I can say with full assurance that there is suffering because it draws us closer to the heart of God. In the heart of God, there is safety and peace, joy and gladness, security and hope. It forces me to stop, recognize my weakness and my need for Him, and then, hopefully, I'll run to Him for help. I've found that through my times of pain, and when I ran to Him for help, the joy in my life increased seven-fold as He showed me more about myself and more about His heart for me. Wow, it's beautiful. I never understood before now, how Christians could rejoice in suffering. But for one who's given their life to Jesus, the author and perfecter of our faith, suffering is one of the greatest and most effective tools of making us more like Him.

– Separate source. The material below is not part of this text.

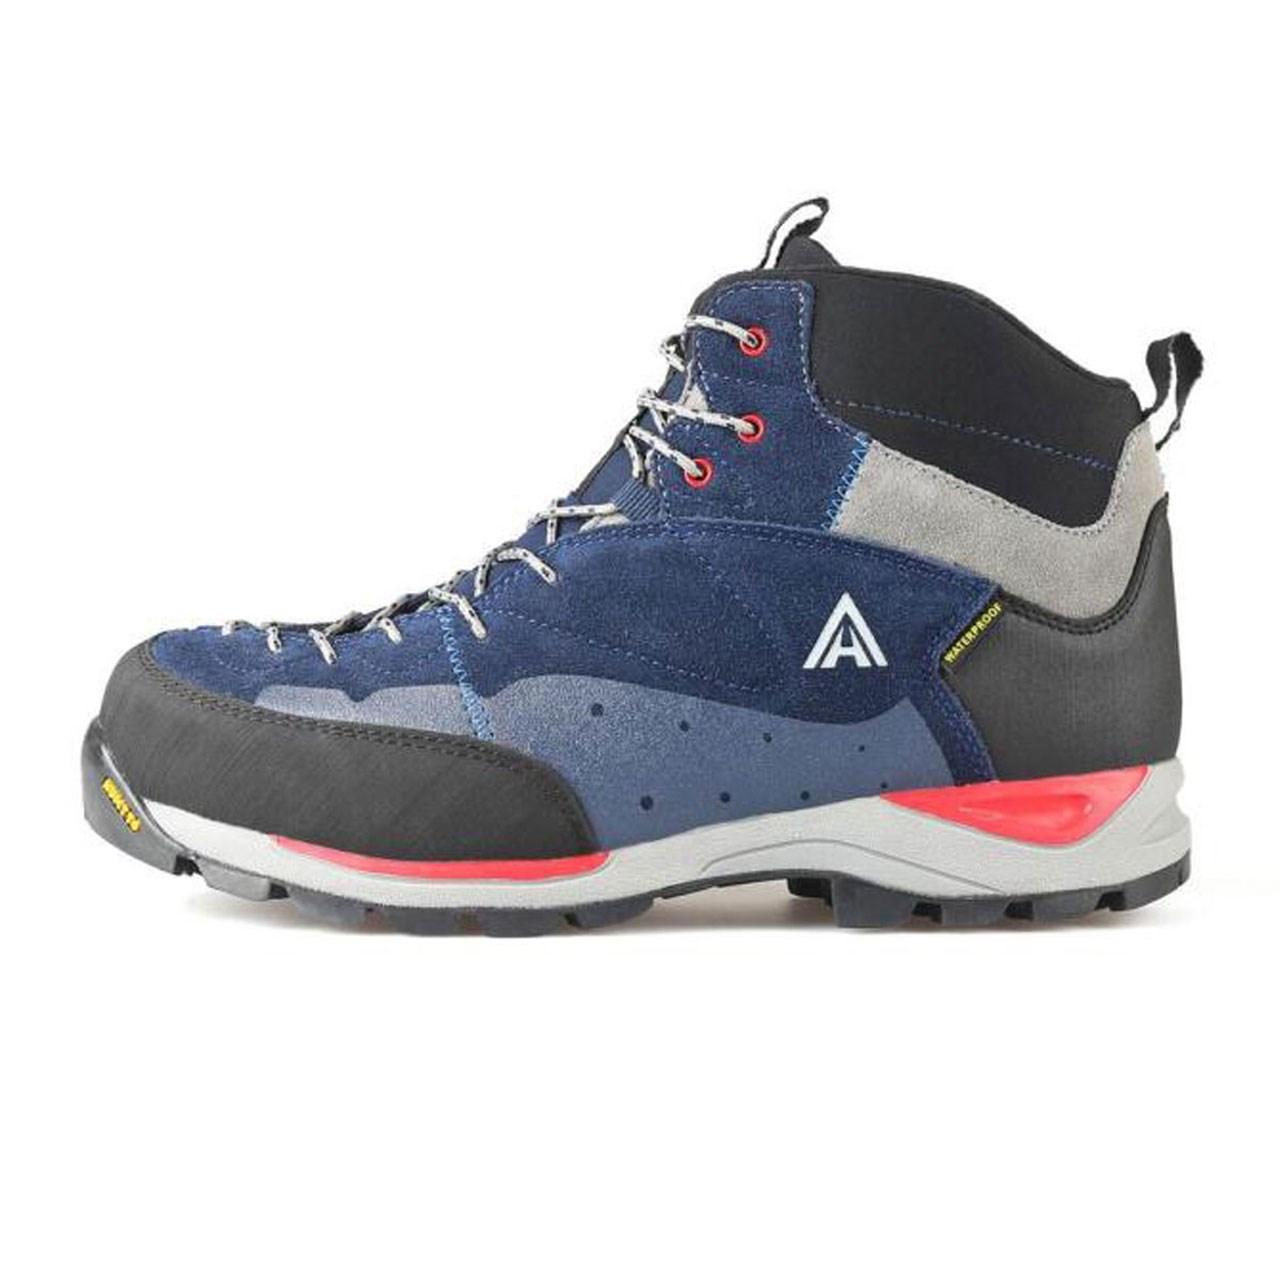 قیمت کفش کوهنوردی هامتو مدل 1-3588

If we learn well, sisters, there's no knowing where His plans will take us in life. No mind can conceive.
So now I can honestly say, "THANK YOU, GOD for the chance to suffer in life. Thank you for counting me worthy to bear some of Jesus' pain, to become more like Him. I know that one day, that work which you began in me will be completed. Help me, Father, Para, not to back down when I'm faced with tribulation, but to remember that it is only one step forward in the direction of Glory. I love you."
Steph
"Remember, Elena, there is a time for everything under heaven. Suffering shows us how weak and vulnerable we really are, and how much we need a Savior."